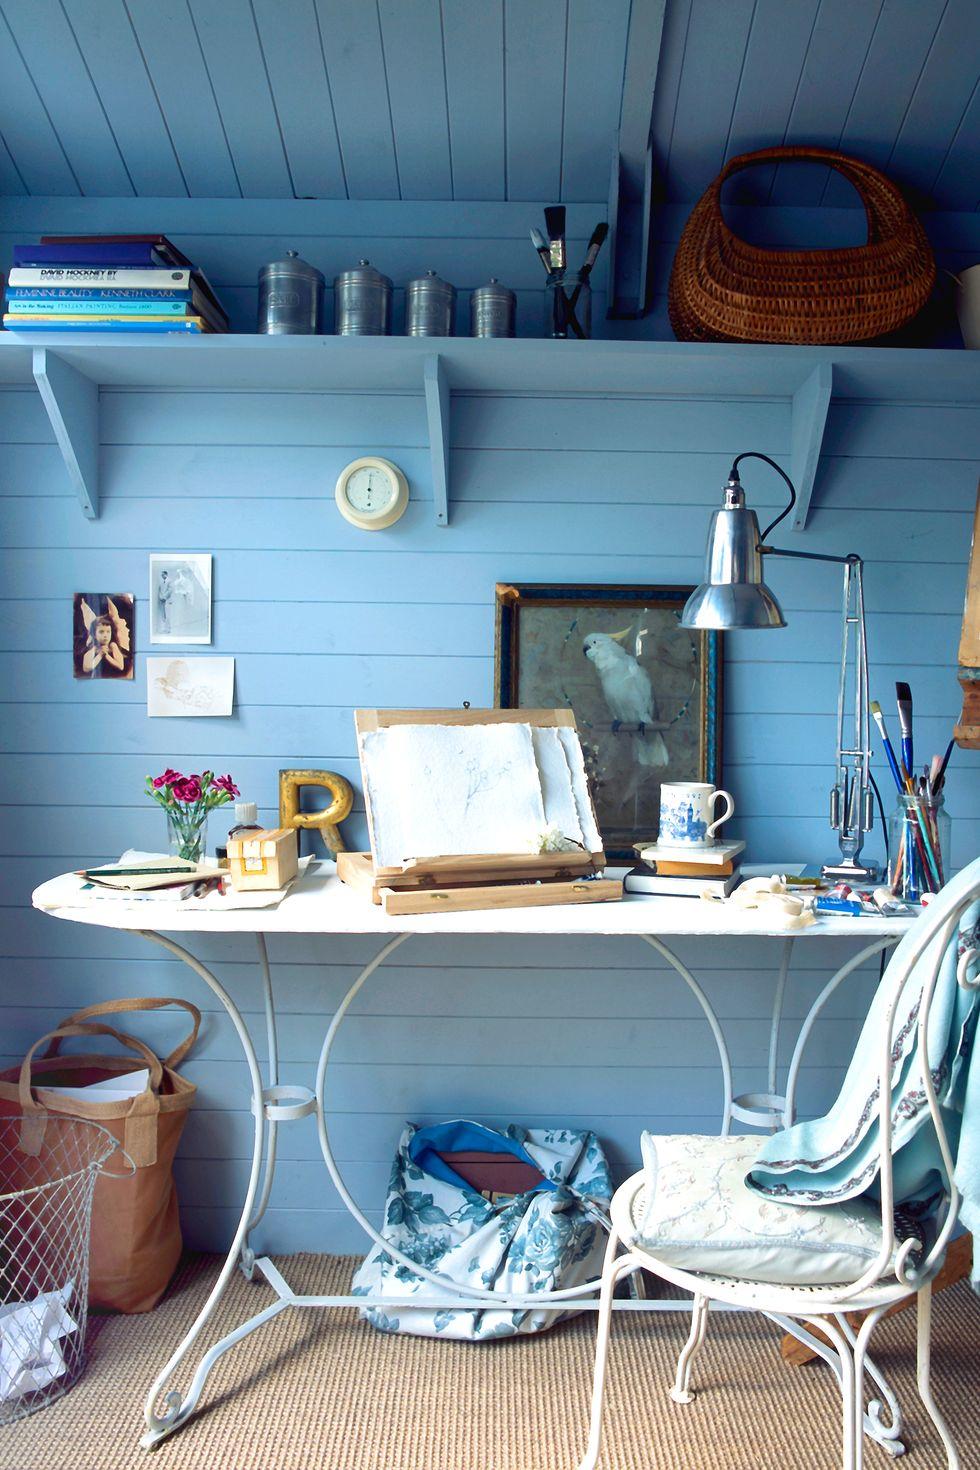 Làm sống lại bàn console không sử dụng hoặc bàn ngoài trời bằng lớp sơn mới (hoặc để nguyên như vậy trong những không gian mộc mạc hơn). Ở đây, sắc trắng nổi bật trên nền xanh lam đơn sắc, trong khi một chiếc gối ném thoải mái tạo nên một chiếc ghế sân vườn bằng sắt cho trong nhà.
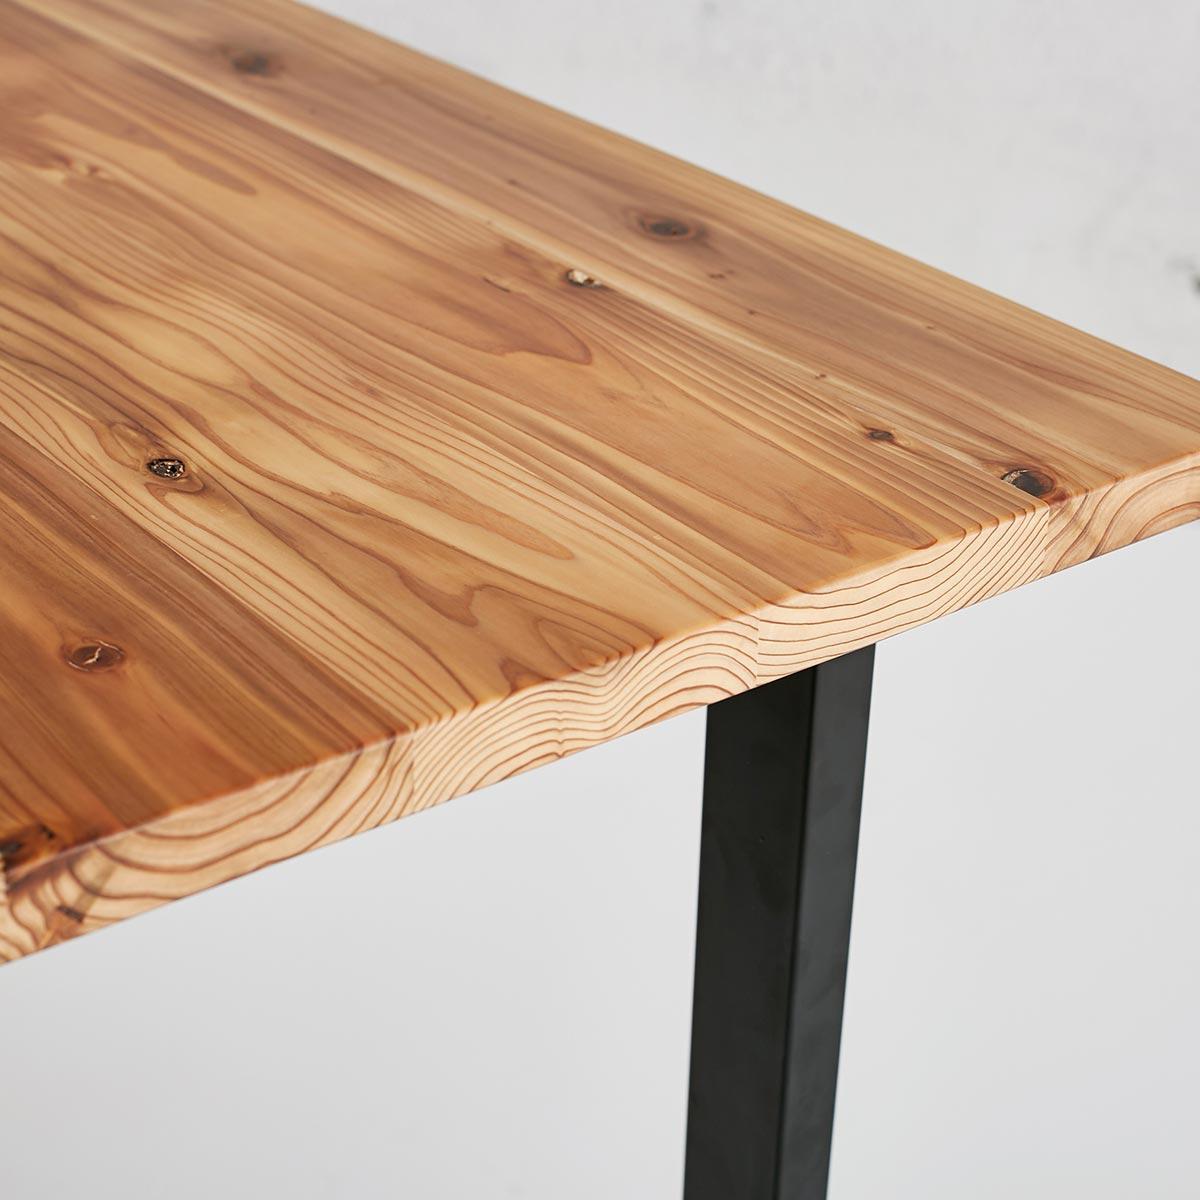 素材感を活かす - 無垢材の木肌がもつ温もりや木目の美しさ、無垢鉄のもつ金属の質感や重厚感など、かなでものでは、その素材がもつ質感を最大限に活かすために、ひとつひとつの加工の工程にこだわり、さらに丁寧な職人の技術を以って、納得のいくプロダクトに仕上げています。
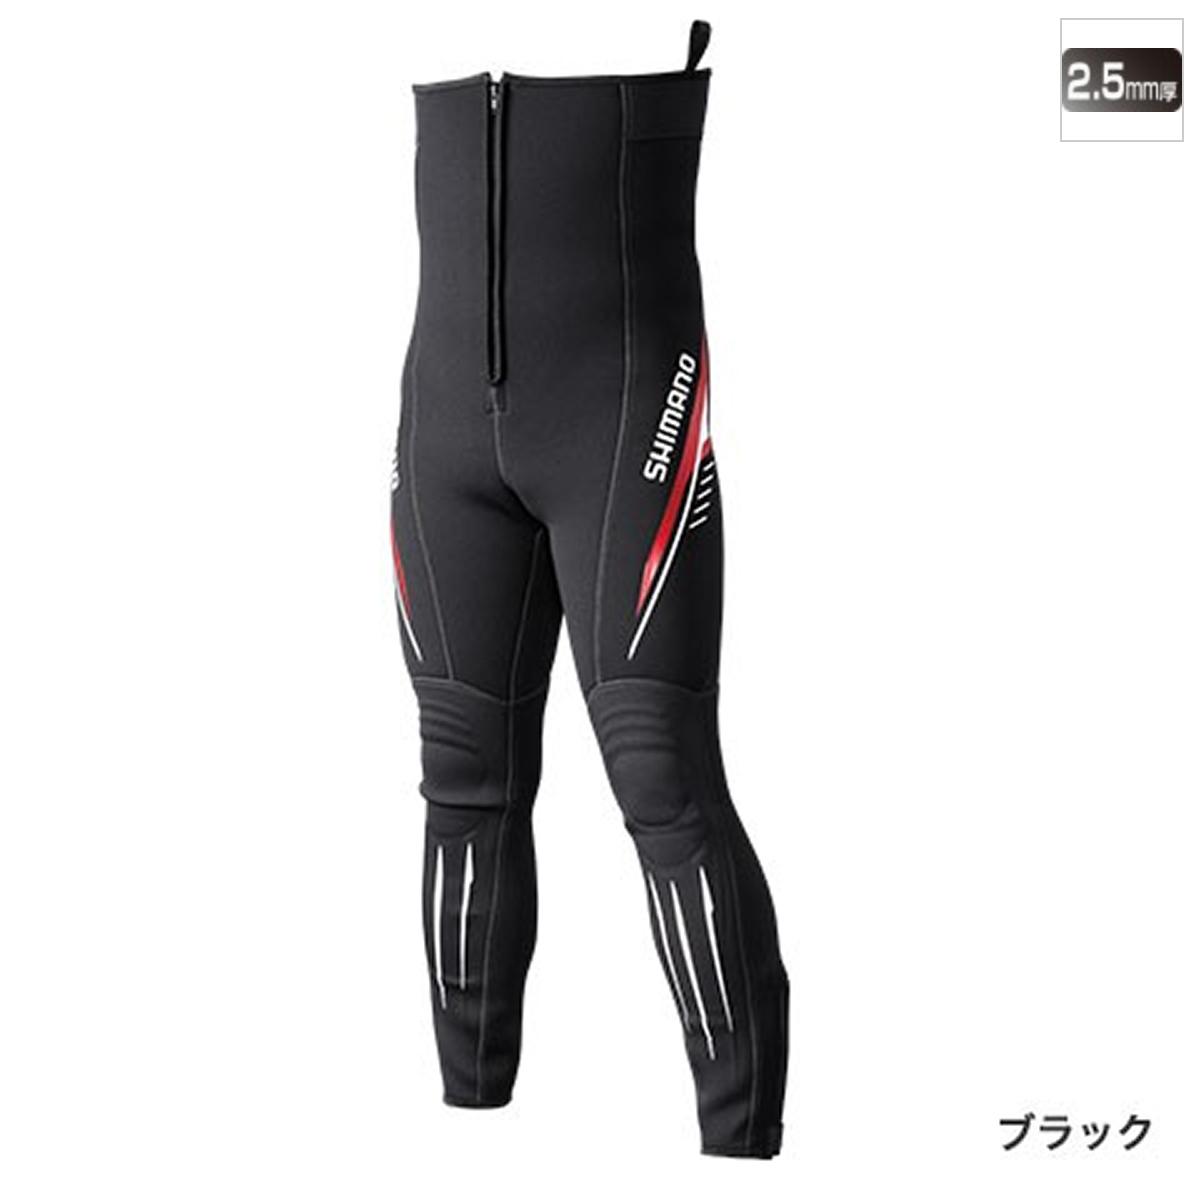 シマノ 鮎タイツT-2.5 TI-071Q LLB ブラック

Task goal: Take the preceding listing and transcribe it exactly, skipping the pictures.

Answer to the exercise:
 Làm sống lại bàn console không sử dụng hoặc bàn ngoài trời bằng lớp sơn mới (hoặc để nguyên như vậy trong những không gian mộc mạc hơn). Ở đây, sắc trắng nổi bật trên nền xanh lam đơn sắc, trong khi một chiếc gối ném thoải mái tạo nên một chiếc ghế sân vườn bằng sắt cho trong nhà.
 素材感を活かす - 無垢材の木肌がもつ温もりや木目の美しさ、無垢鉄のもつ金属の質感や重厚感など、かなでものでは、その素材がもつ質感を最大限に活かすために、ひとつひとつの加工の工程にこだわり、さらに丁寧な職人の技術を以って、納得のいくプロダクトに仕上げています。
 シマノ 鮎タイツT-2.5 TI-071Q LLB ブラック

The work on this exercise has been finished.